2 Timoteo 4:1-8, 16-18
1Te encarezco delante de Dios y del Señor Jesucristo, que juzgará a los vivos y a los muertos en su manifestación y en su reino, 2que prediques la palabra; que instes a tiempo y fuera de tiempo; redarguye, reprende, exhorta con toda paciencia y doctrina. 5Pero tú sé sobrio en todo, soporta las aflicciones, haz obra de evangelista, cumple tu ministerio. 6Porque yo ya estoy para ser derramado en libación, y el tiempo de mi partida está cercano. 7He peleado la buena batalla, he acabado la carrera, he guardado la fe. 8Por lo demás, me está guardada la corona de justicia, la cual me dará el Señor, juez justo, en aquel día; y no sólo a mí, sino también a todos los que aman su venida. 16En mi primera defensa ninguno estuvo a mi lado, sino que todos me desampararon; no les sea tomado en cuenta. 17Pero el Señor estuvo a mi lado, y me fortaleció, para que por mí fuese cumplida la predicación, y que todos los gentiles oyesen.
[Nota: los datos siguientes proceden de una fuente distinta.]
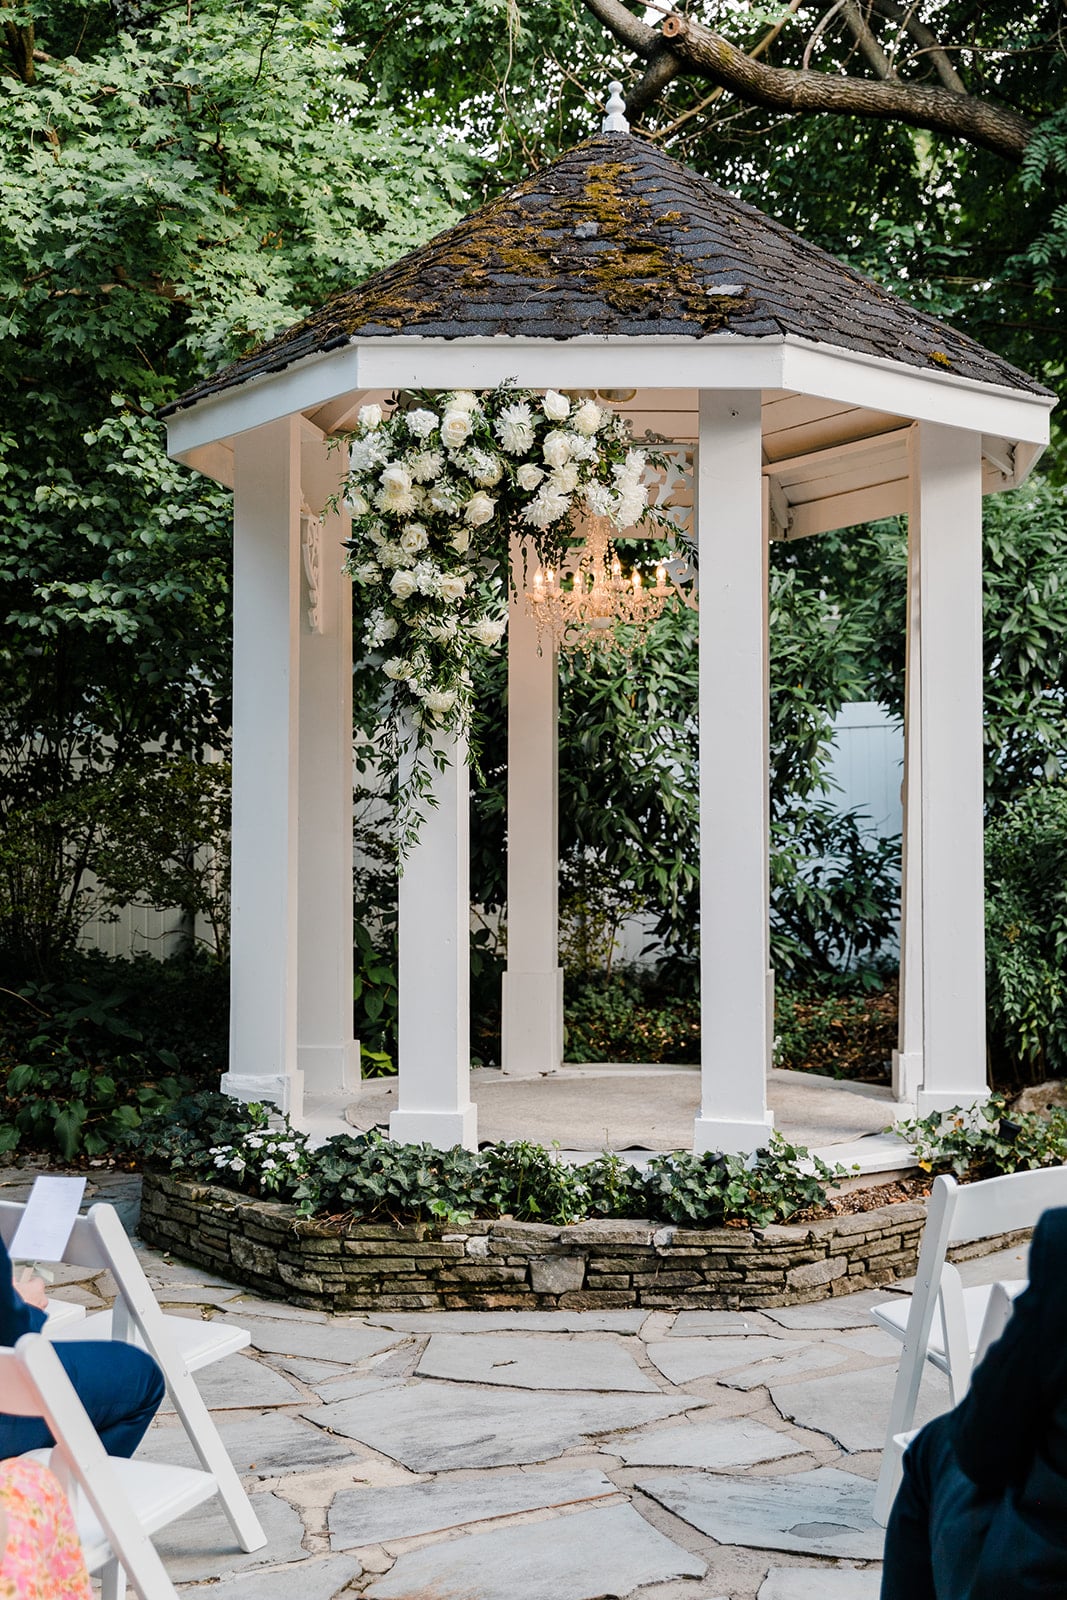 Outdoor Wedding Reception Near Nashville with Neutral Colors and Candles

Y fui librado de la boca del león. 18Y el Señor me librará de toda obra mala, y me preservará para su reino celestial. A él sea gloria por los siglos de los siglos. Amén.
Tito 2:11-14; 3:4-7
2:11Porque la gracia de Dios se ha manifestado para salvación a todos los hombres, 2:12enseñándonos que, renunciando a la impiedad y a los deseos mundanos, vivamos en este siglo sobria, justa y piadosamente, 2:13aguardando la esperanza bienaventurada y la manifestación gloriosa de nuestro gran Dios y Salvador Jesucristo, 2:14quien se dio a sí mismo por nosotros para redimirnos de toda iniquidad y purificar para sí un pueblo propio, celoso de buenas obras. 3:4Pero cuando se manifestó la bondad de Dios nuestro Salvador, y su amor para con los hombres, 3:5nos salvó, no por obras de justicia que nosotros hubiéramos hecho, sino por su misericordia, por el lavamiento de la regeneración y por la renovación en el Espíritu Santo.